Unless you’ve been on a beach or trekking up a mountain, you will know that this summer the UK Government has been setting out how the NHS will be transformed and how the UK will cement its position as a world leader in life sciences.

Momentum began with Professor the Lord Darzi of Denham OM KBE PC FRS 2024 report, describing the NHS as “broken” and prompting The Rt. Hon. Wes Streeting MP to outline three strategic shifts: moving from treatment to prevention; shifting more care into the community; and embracing digital innovation over analogue systems.

At genedrive, we welcome the ambition of the newly published NHS 10-Year Plan, which aims to raise standards, reduce waiting lists, and keep people healthier for longer. Alongside this, the Life Sciences Sector Plan provides a roadmap for harnessing the sector’s power to innovate, scale and make it central to the Government’s industrial strategy and drive growth across the entire nation.

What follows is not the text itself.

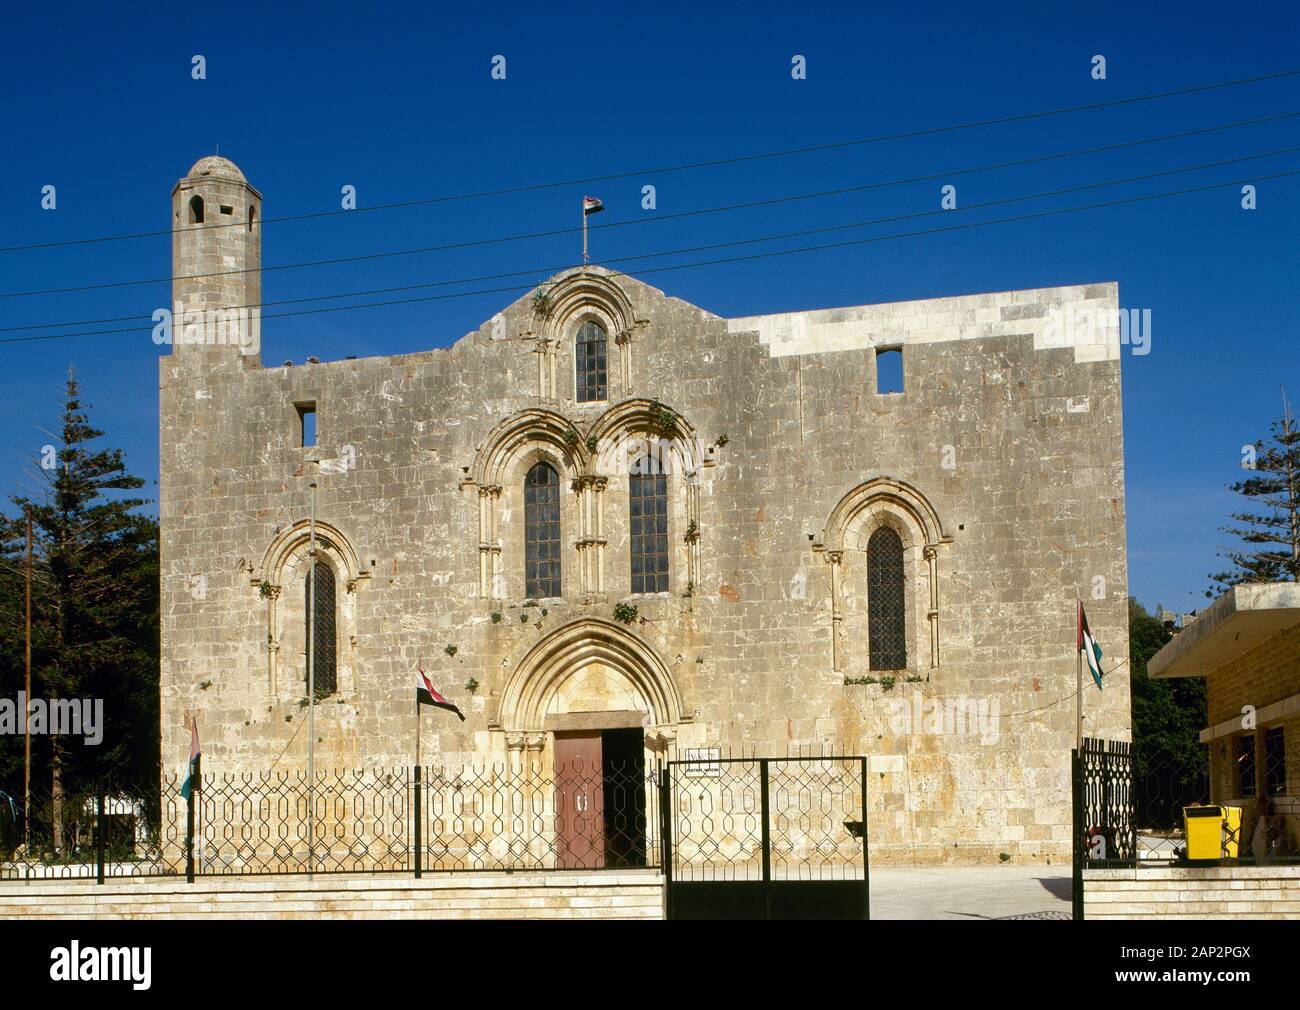 Syrian Arab Republic. Tartus. Cathedral of Our Lady of Tortosa. It was built by the crusaders during the 12th century, in Romanesque and early Gothic style. The Crusader era. Facade. Photo taken before the Syrian CIvil War. Stock Photo
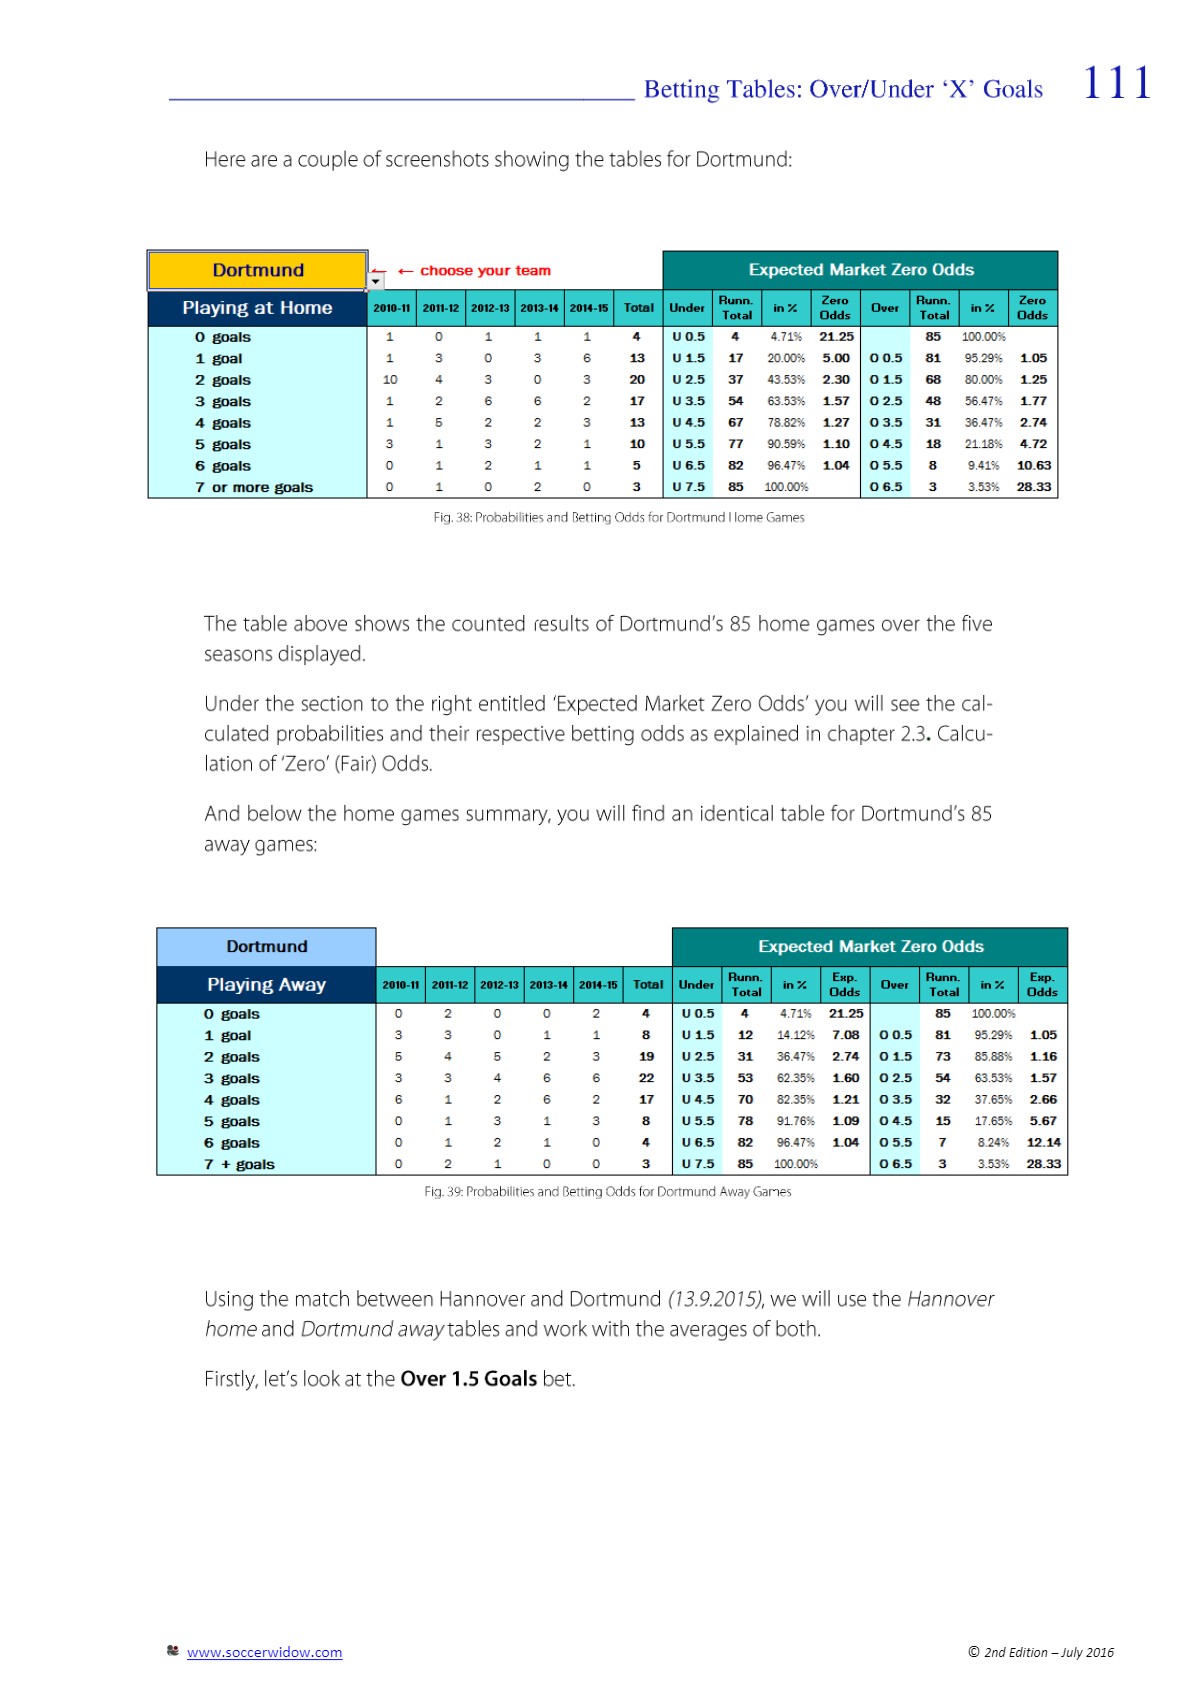 Betting Course Over Under - betting tables - page 111

Less widely reported, but equally significant, was the Medicines and Healthcare products Regulatory Agency Statement of Policy Intent: Early Access to Innovative Medical Devices, setting out a supportive, risk-proportionate regulatory environment to ensure safe, timely access to technologies that address unmet NHS needs. Practically, this means faster regulatory approvals, streamlined market access, and making Great Britain an increasingly attractive base for innovators to start, grow, scale, and invest.

Initiatives such as NICE – National Institute for Health and Care Excellence approved medtech funding routes and the NHS Innovator Passport are welcome steps. But for real impact, funding decisions MUST be swift and strategic. If prevention is truly at the heart of the Government’s mission, we must urgently prioritise long-term system savings and central funding pools over leaving isolated departments constrained and unable to adopt innovation quickly.

We are energised by the collective impact these measures could have. At genedrive, our products are CE-IVD approved, NICE-recommended, and offer significantly better patient outcomes whilst truly enabling financial and productivity gains to pressured healthcare systems. Aligning fully with NHS reform ambitions and specifically, “prevention” rather than treatment.

We look forward to working with the NHS, regulators, and industry to create a simpler, faster, and more collaborative environment. With the right structures, timely decisions and sensible access to reallocation of unnecessarily wasteful financial resources, transforming patient care while driving economic growth is within reach.